Another step towards defining the genetic landscape of rhabdomyolysis

This scientific commentary refers to ‘MLIP causes recessive myopathy with rhabdomyolysis, myalgia and baseline high serum creatine kinase’, by Lopes Abath Neto et al. (doi:10.1093/brain/awab275).

In this issue of Brain, Lopes Abath Neto and co-workers¹ describe the identification of biallelic loss-of-function variants in MLIP, the gene encoding muscular LMNA interacting protein, in a paediatric cohort of patients with myopathy characterized by rhabdomyolysis, myalgia and hyperCKemia. The study includes deep phenotyping via comprehensive clinical examinations of a cohort of seven patients from six unrelated families with MLIP-related myopathy.

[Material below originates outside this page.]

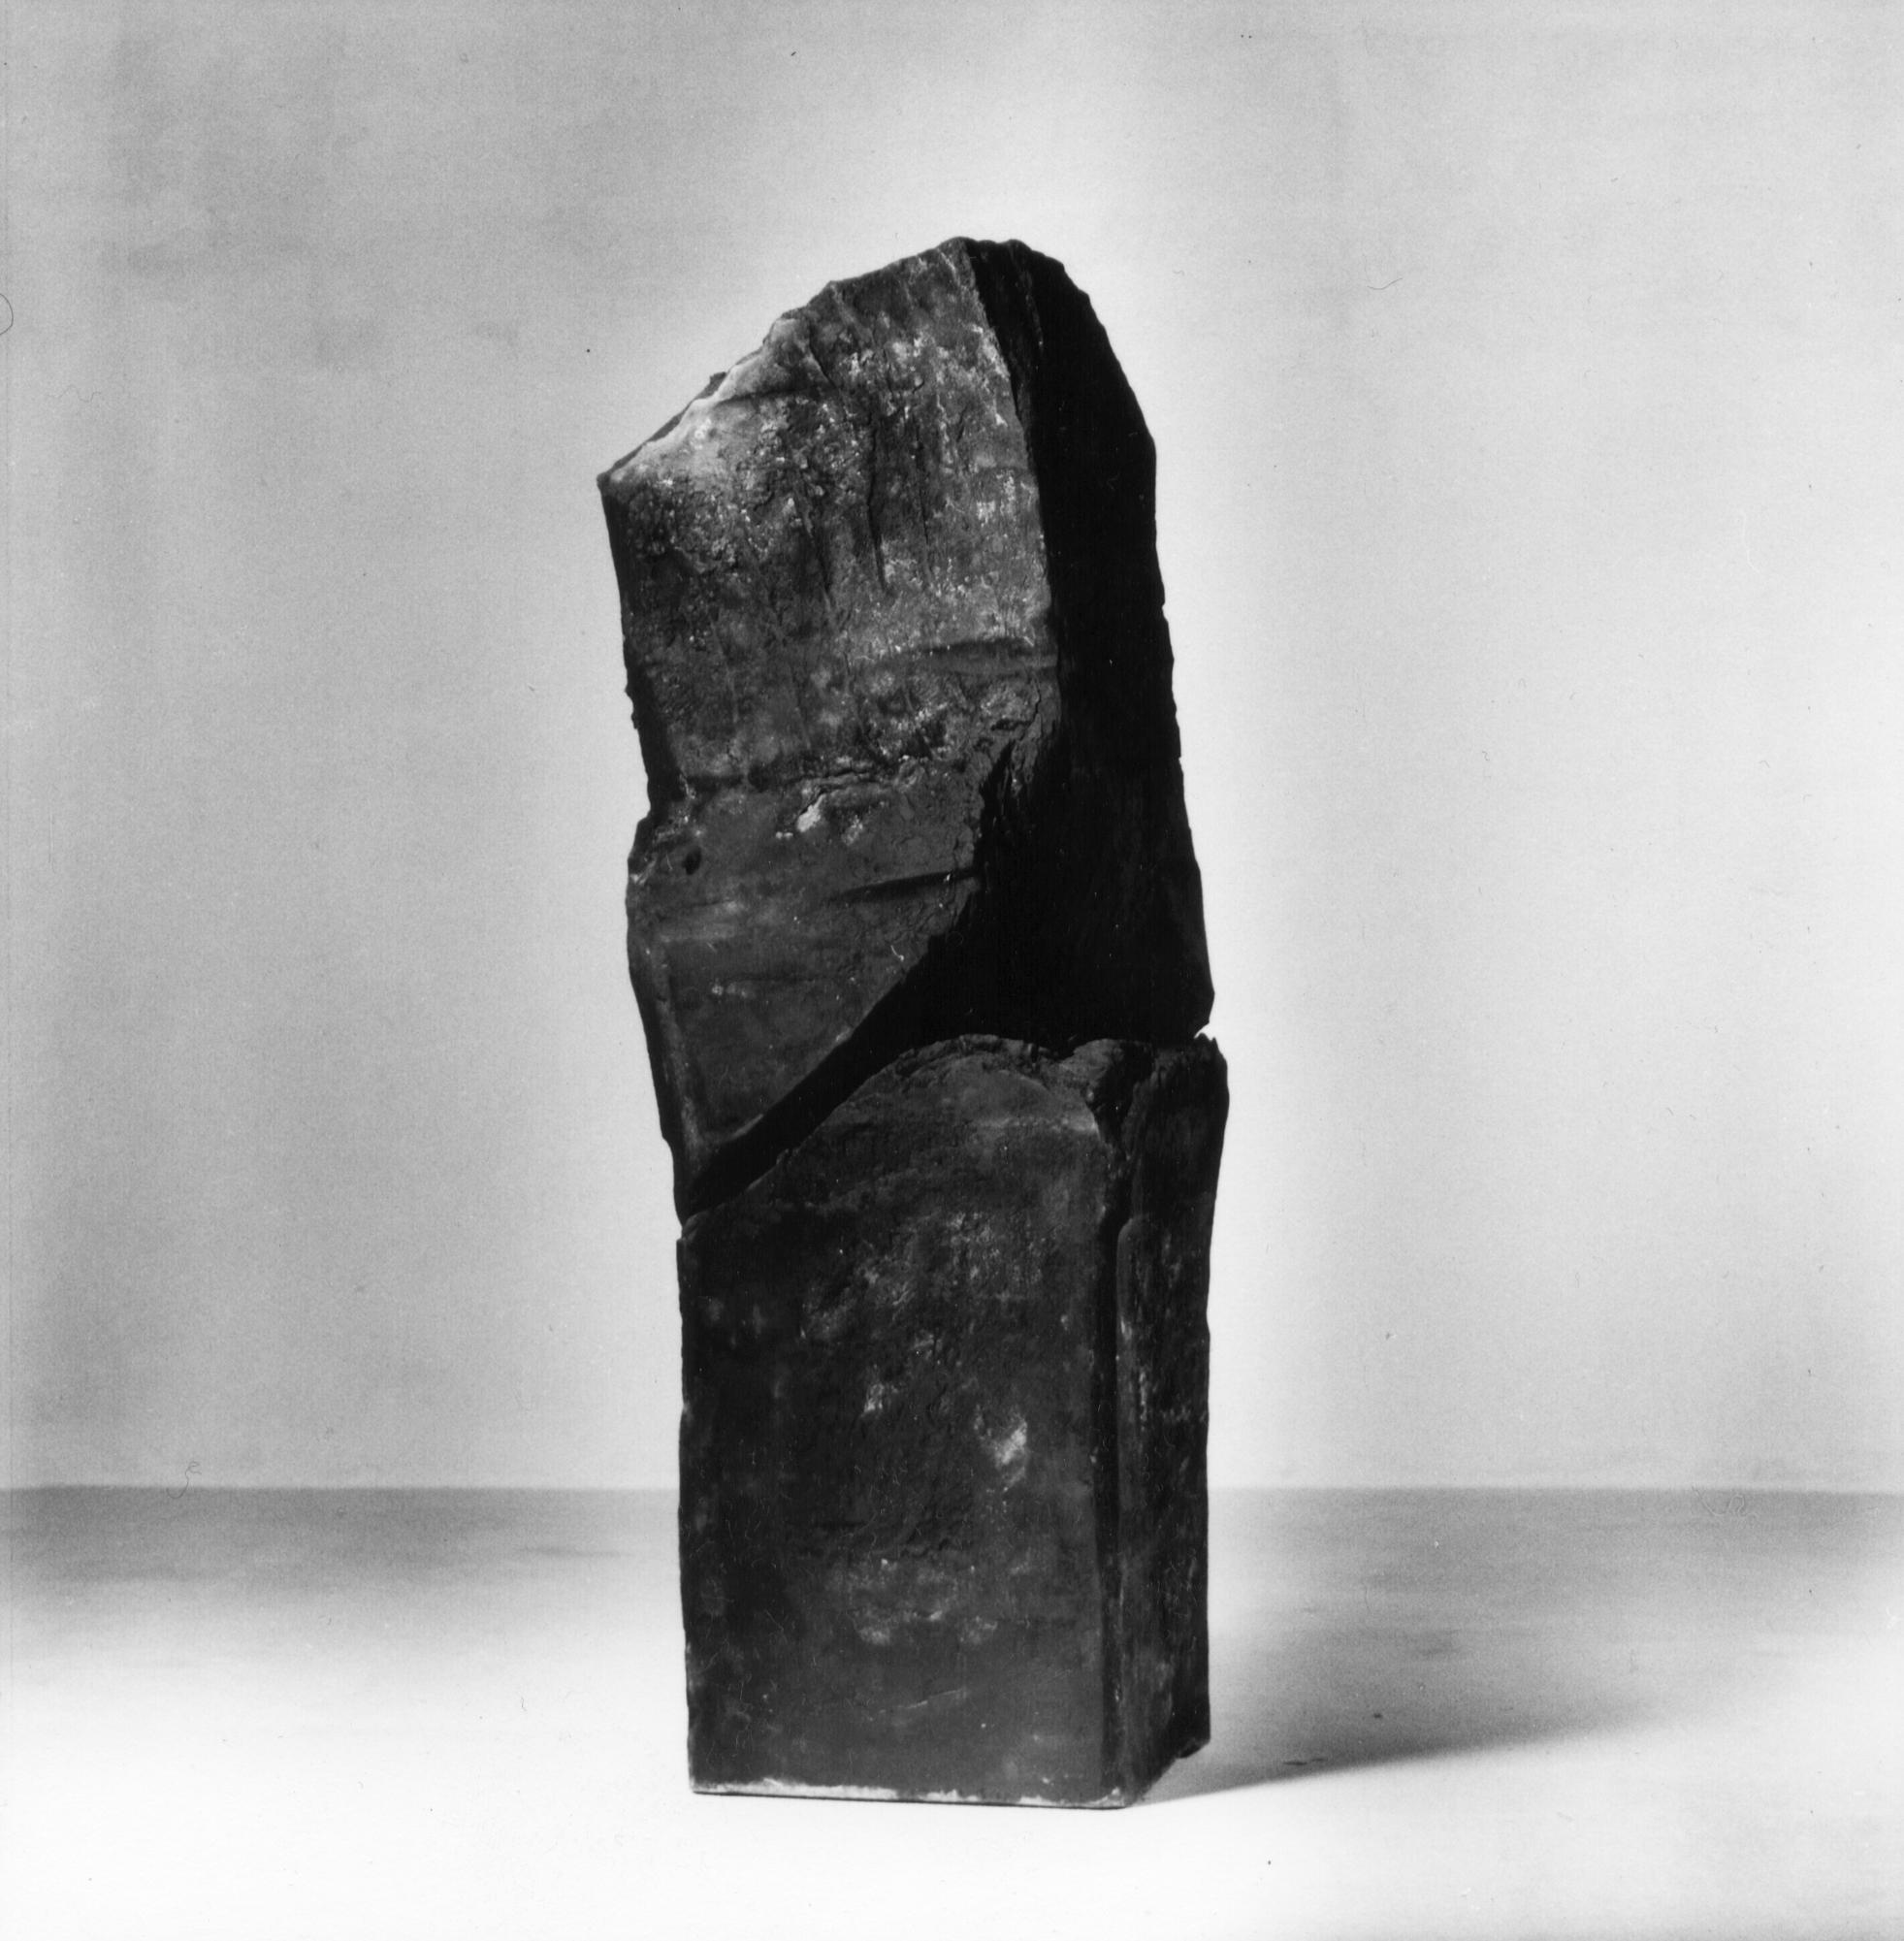 Giuseppe Spagnulo, Respiro, 1996 acciaio forgiato
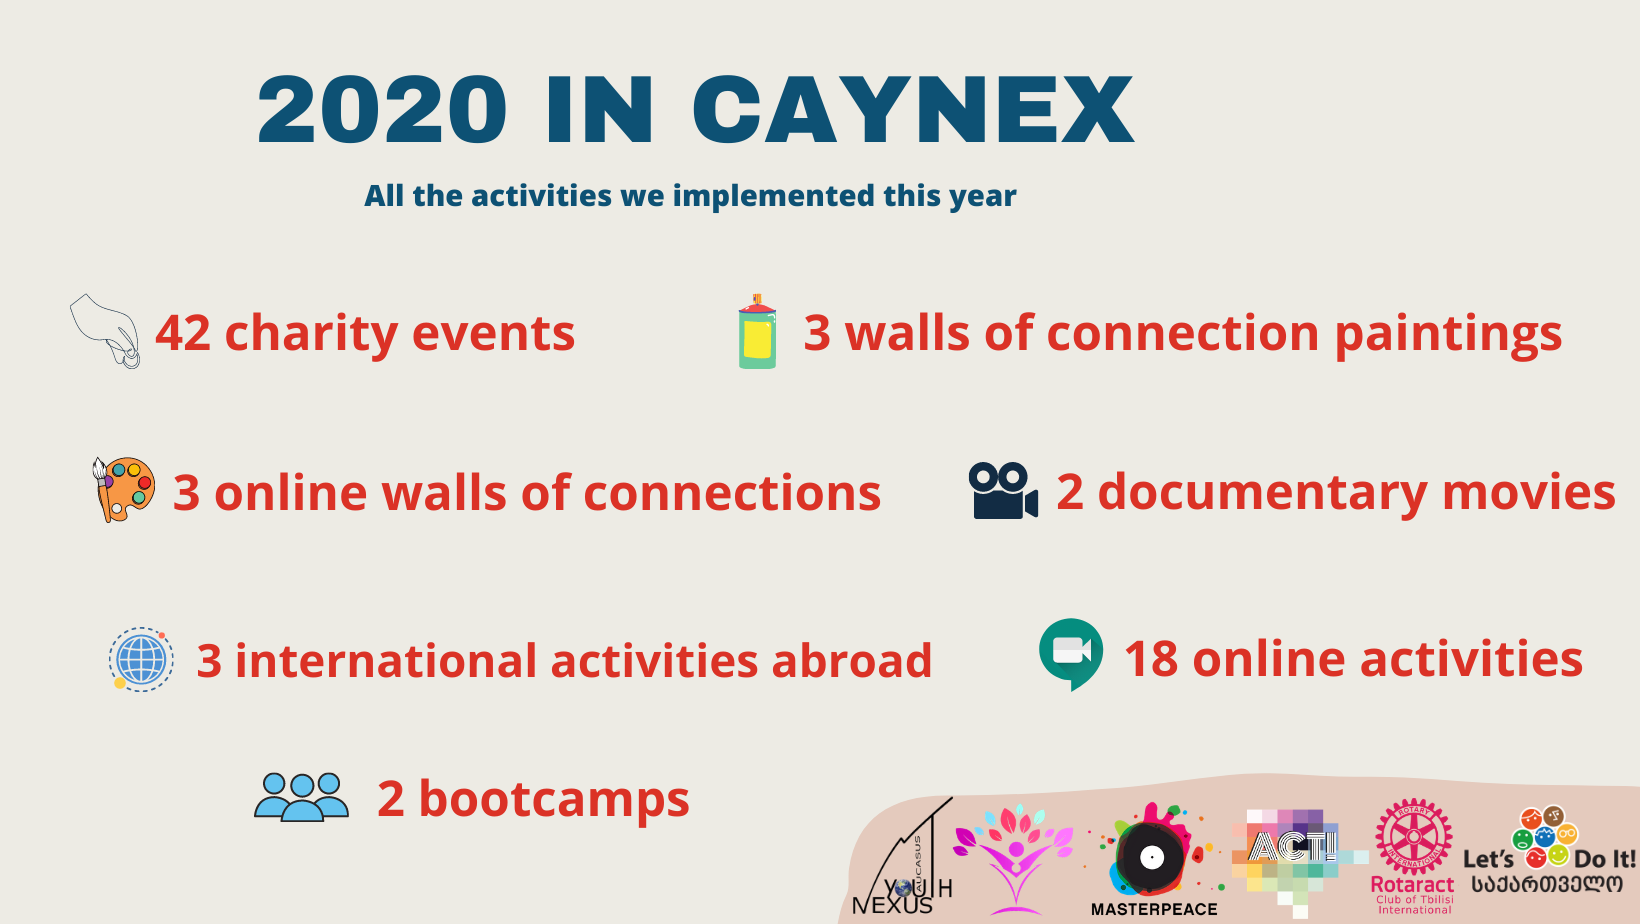 2020 IN CAYNEX

Rhabdomyolysis refers to the acute breakdown of myofibres. Affected individuals usually present with systemic symptoms, such as tachycardia, fever and muscle aches. But often the symptoms are mild and the rhabdomyolysis episode is only detected due to unusual colour of urine or high serum creatine kinase (CK) levels. Acute triggers of rhabdomyolysis can include drugs, toxins or strenuous exercise. However, specific genetic defects involving skeletal muscle can predispose an individual to experience episodes of rhabdomyolysis under situations that would not cause them in others.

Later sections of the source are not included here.